____ Data extract

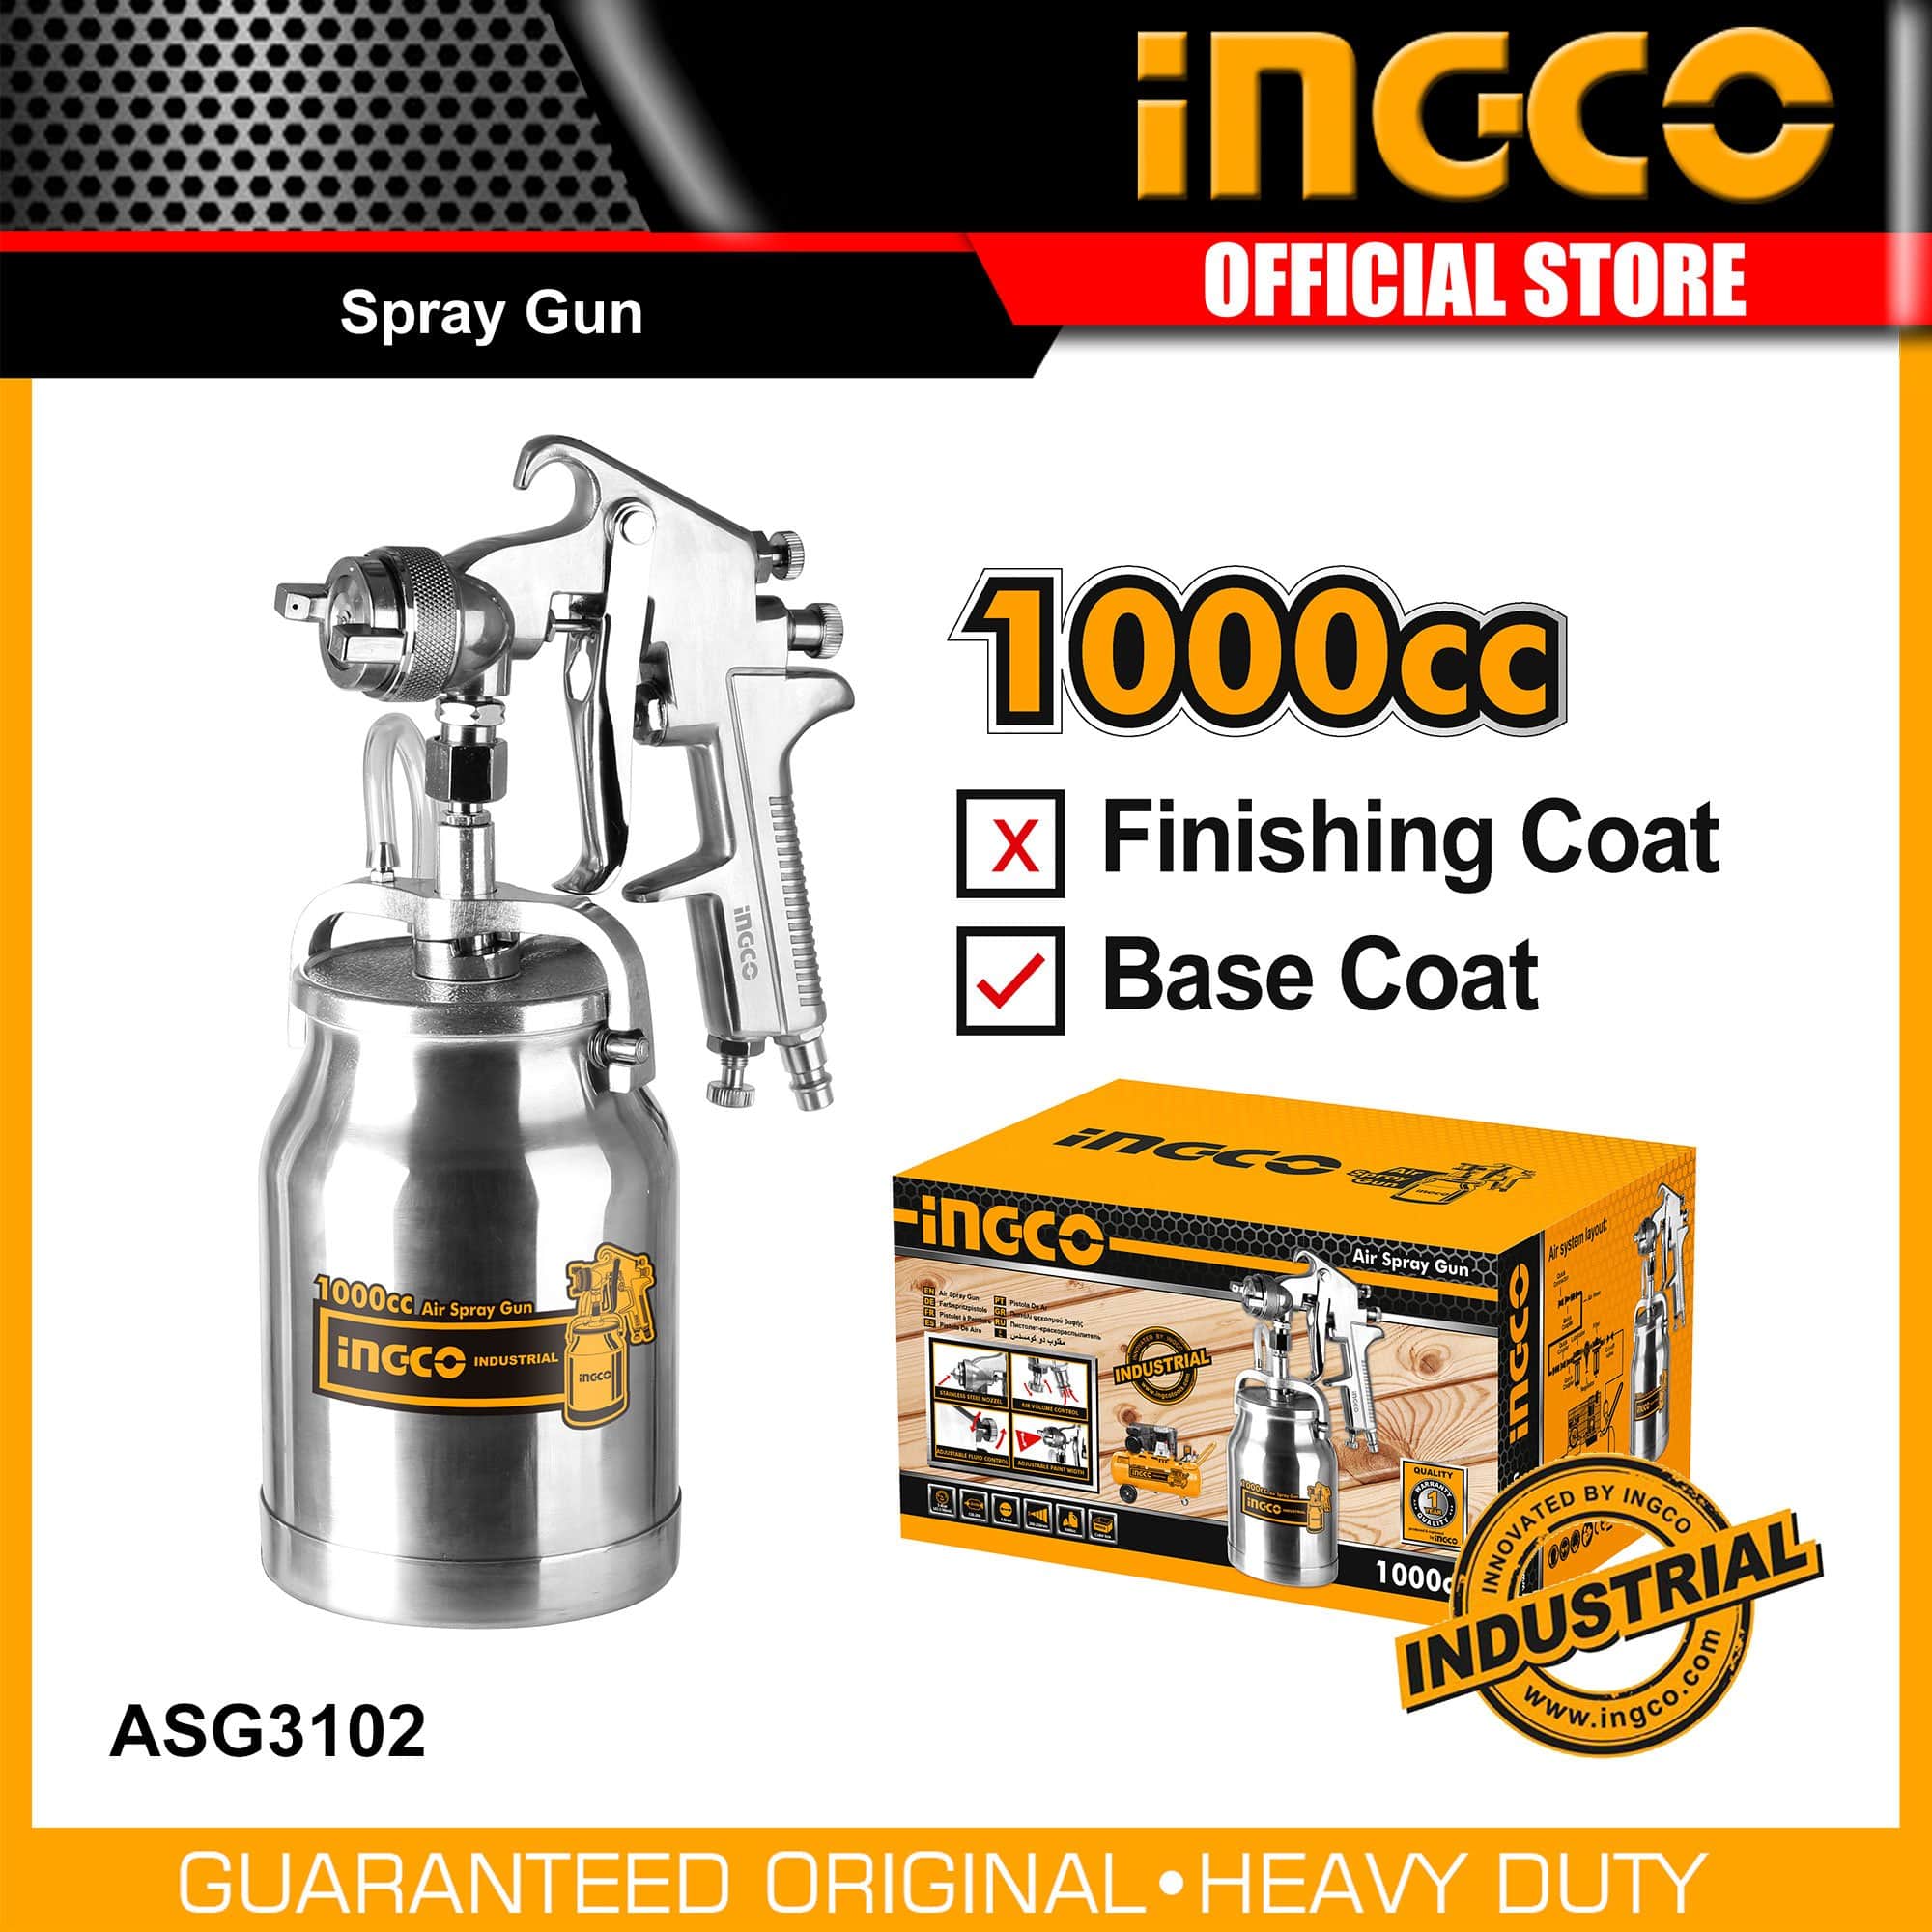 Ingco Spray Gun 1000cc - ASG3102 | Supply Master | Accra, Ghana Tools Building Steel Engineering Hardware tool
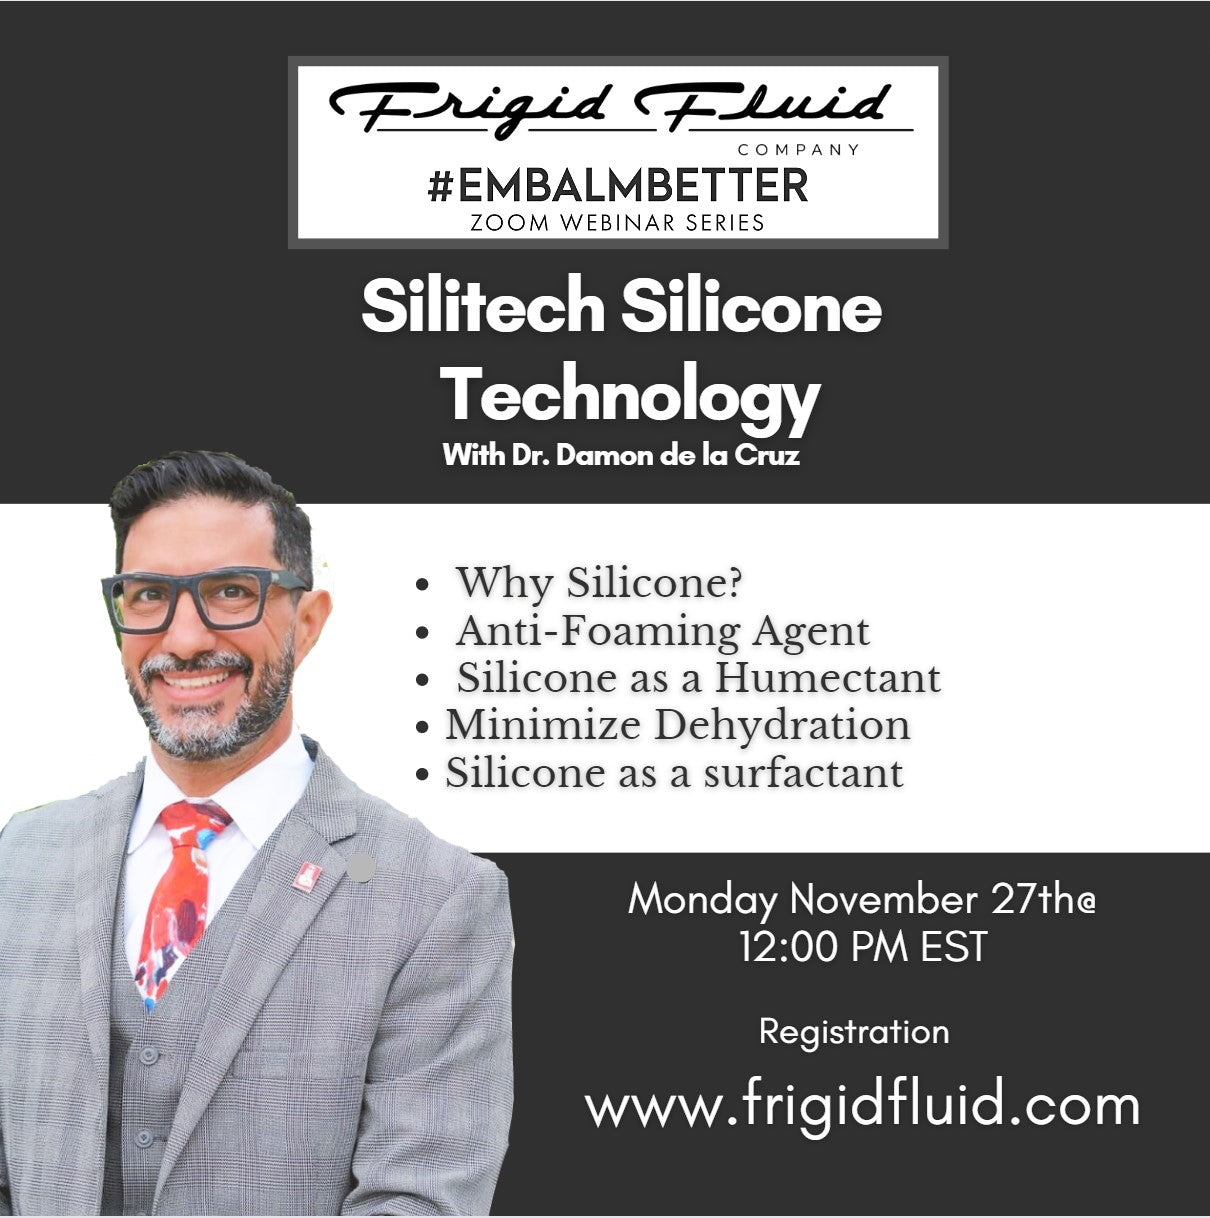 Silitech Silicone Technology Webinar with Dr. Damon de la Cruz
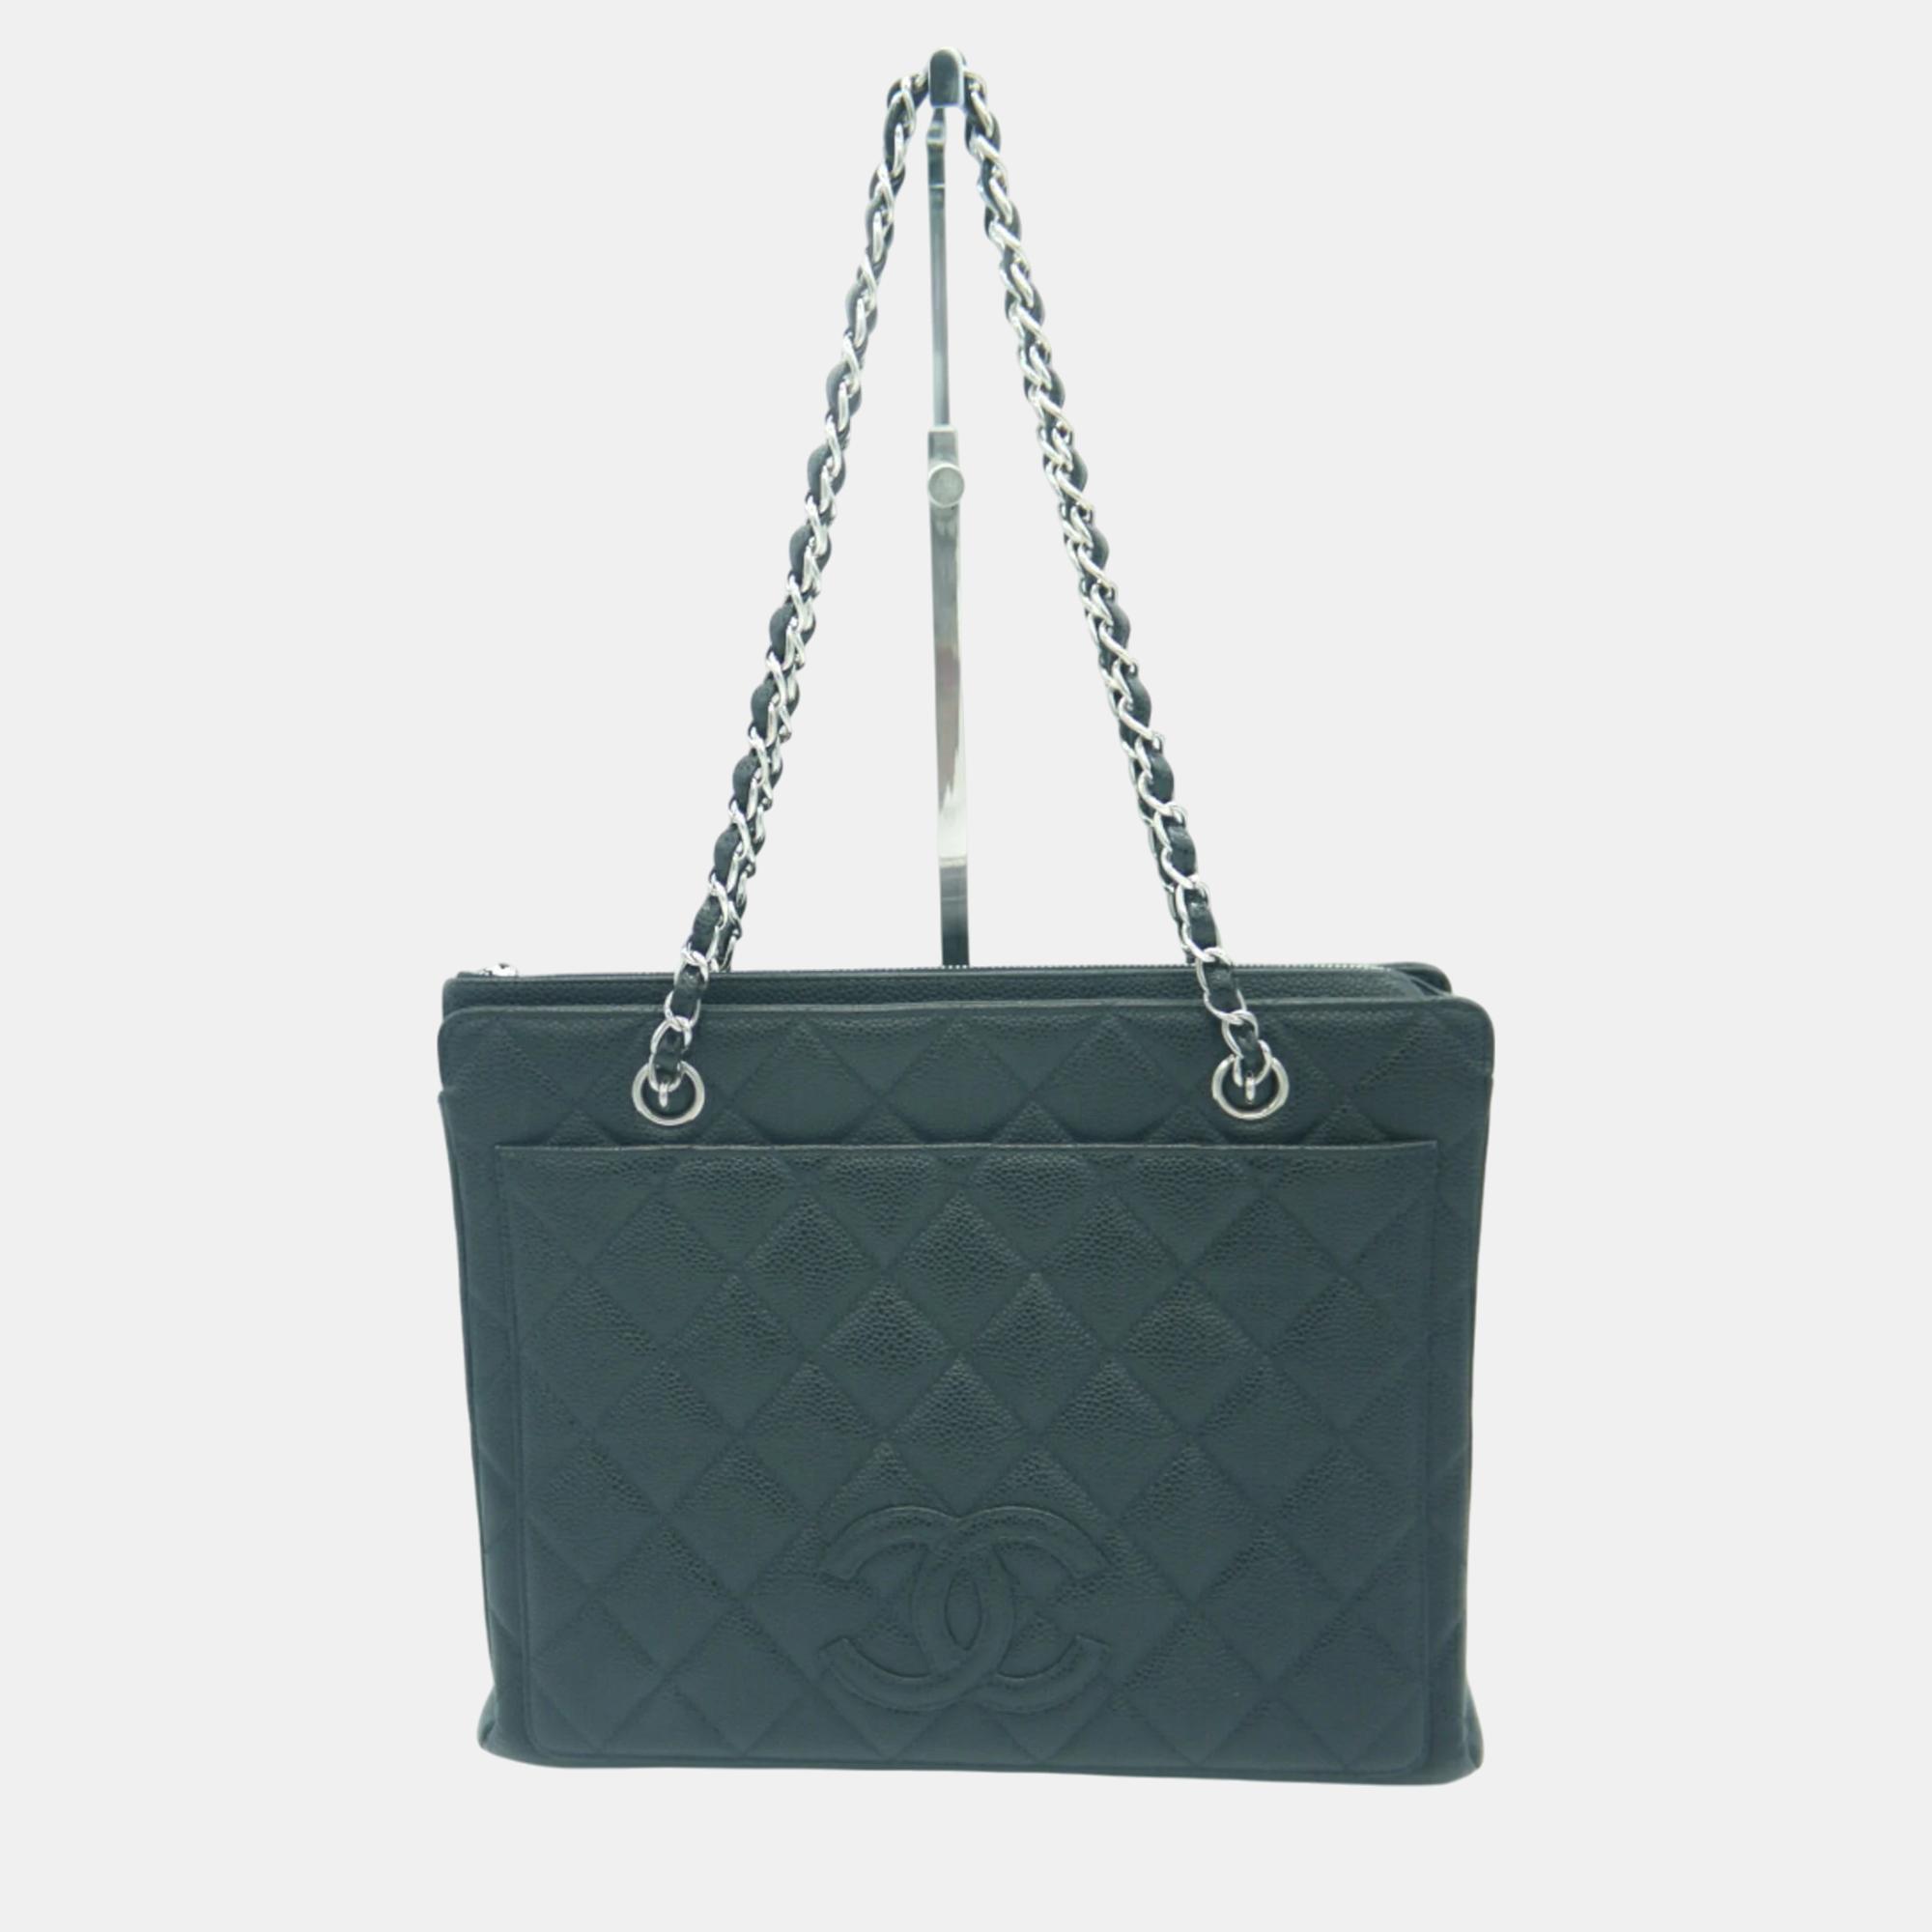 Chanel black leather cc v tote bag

________

Output the material word for word. Pictures do not go in.

 Ingco Spray Gun 1000cc - ASG3102 | Supply Master | Accra, Ghana Tools Building Steel Engineering Hardware tool
 Silitech Silicone Technology Webinar with Dr. Damon de la Cruz
 Chanel black leather cc v tote bag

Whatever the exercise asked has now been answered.